GBP/USD falls to a session low of 1.2300
The pound has been on a tear this week but as mentioned yesterday, this is where things start to get a bit tricky for the currency.
As price broke above key resistance around 1.2290-10, the technicals suggest that sentiment is starting to shift towards pricing out risks of a no-deal Brexit in a significant manner.
Are we really there yet? That is the big question.
Rebel lawmakers look set to get their way as the Brexit delay bill will almost certainly be turned into law before next week and that will force Boris Johnson to seek an extension to Article 50, which he claims he’d rather “be dead in a ditch” than doing so.
However, does that really change anything? Essentially, no. We’re still no closer to a Brexit solution and this is just prolonging the misery that the UK economy is suffering from.
Besides that, if the government does comply with the law passed, it means Johnson will be going to Brussels to seek an extension without a working majority – if he can’t call an election beforehand that is.

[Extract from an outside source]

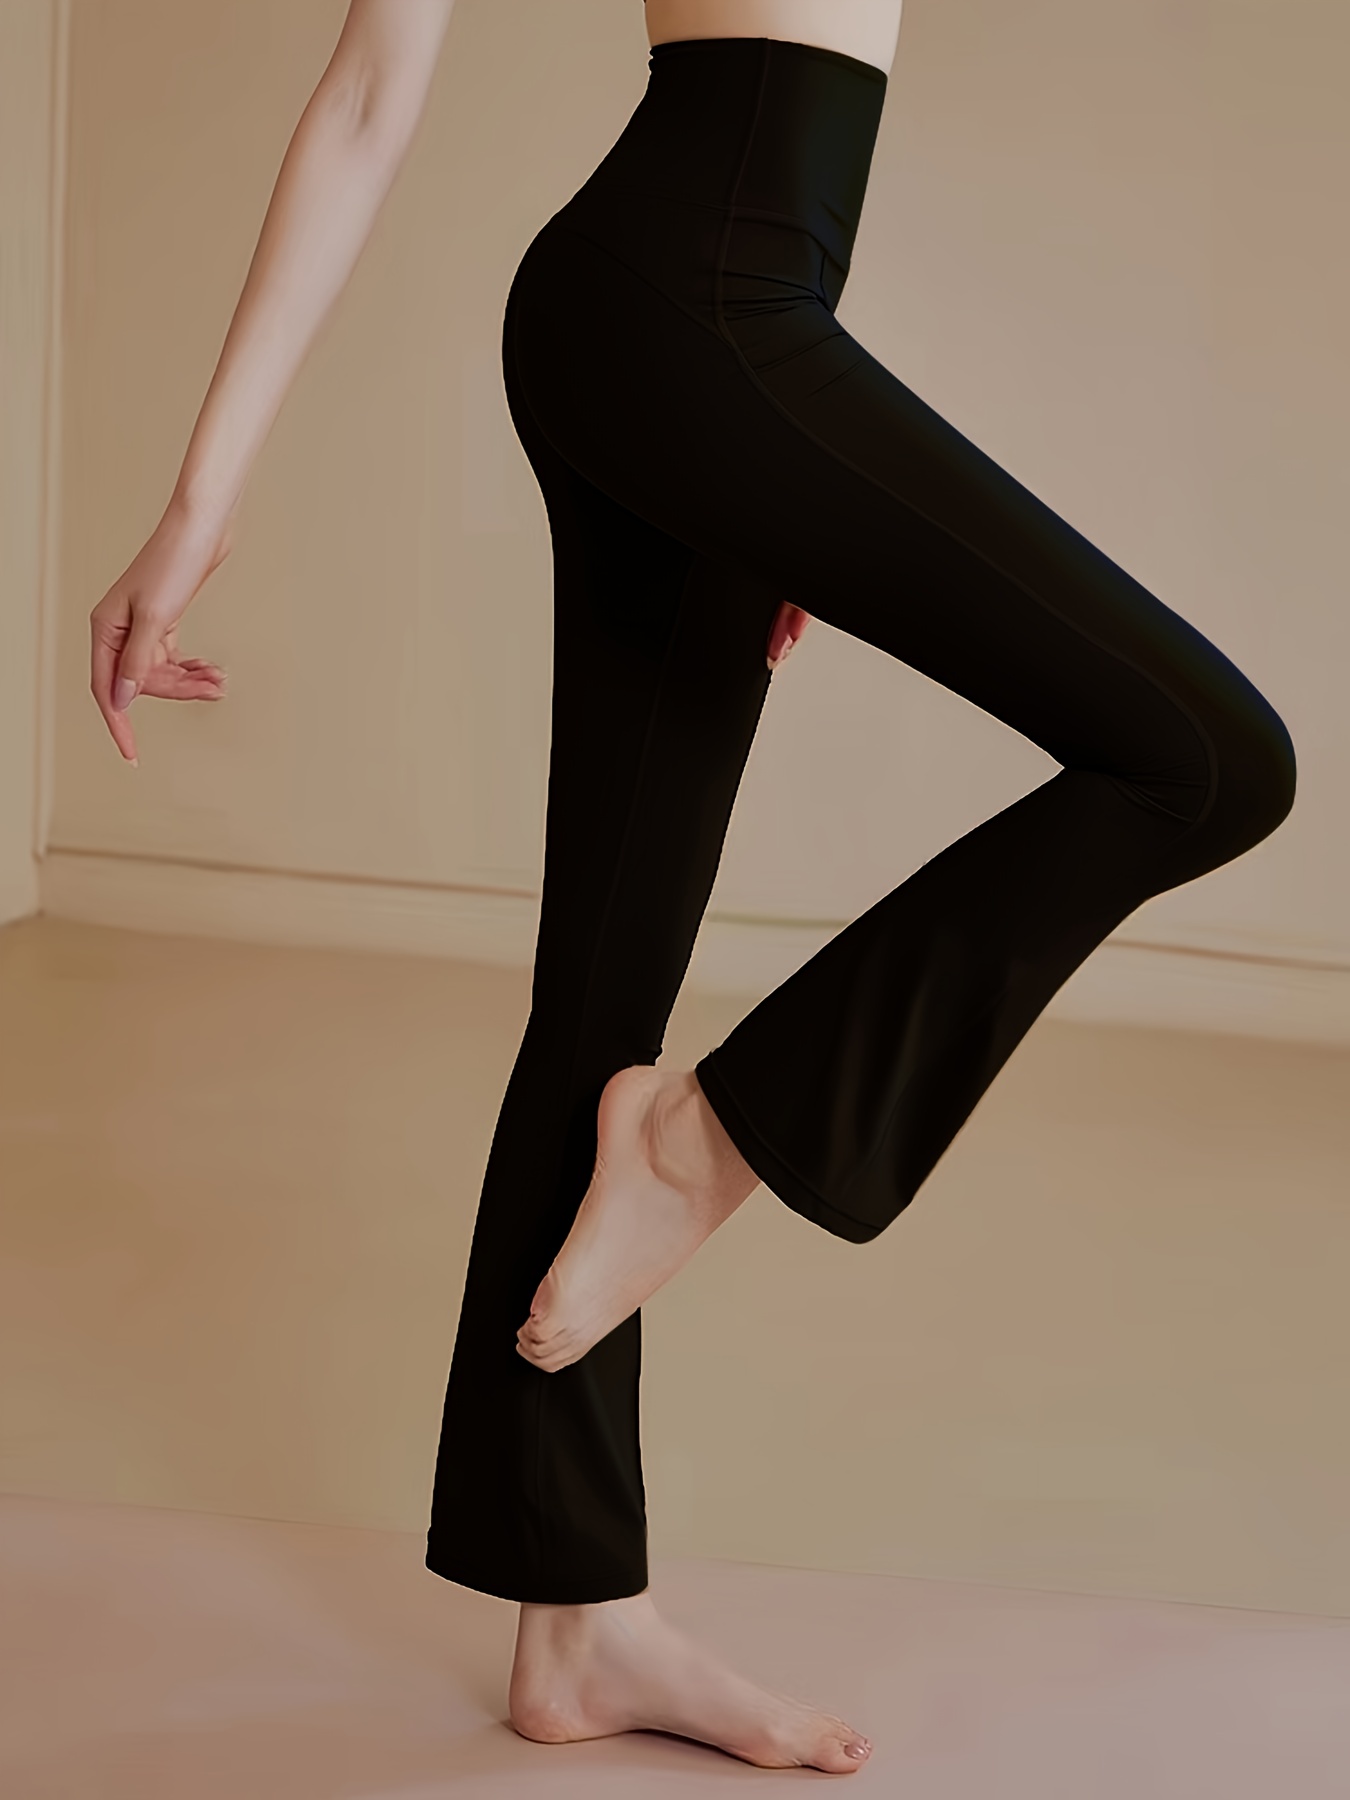 Designer Women Well-designed Female High Split Trousers Female Loose Yoga  Pants Casual Fitness Yoga Wide Leg Pants

That is hardly a convincing enough argument/position for European leaders to grant an extension to Article 50 in my view.
For cable, a move back below 1.2300 will see sellers start to regain some confidence after three days of a beat down. If price starts tracking towards 1.2250-60 and break below that, I reckon we could start to see more even pricing about odds of a no-deal Brexit weighed against the current political developments.
At this stage, the key level for buyers to keep the upside momentum going remains the key hourly moving averages and that sits closer towards 1.2168 (100-hour MA) and 1.2190 (200-hour MA) respectively.
But any firm break towards 1.2500 requires Brexit developments to go in their favour, otherwise it is hard to see the pound be too optimistic based on current developments still.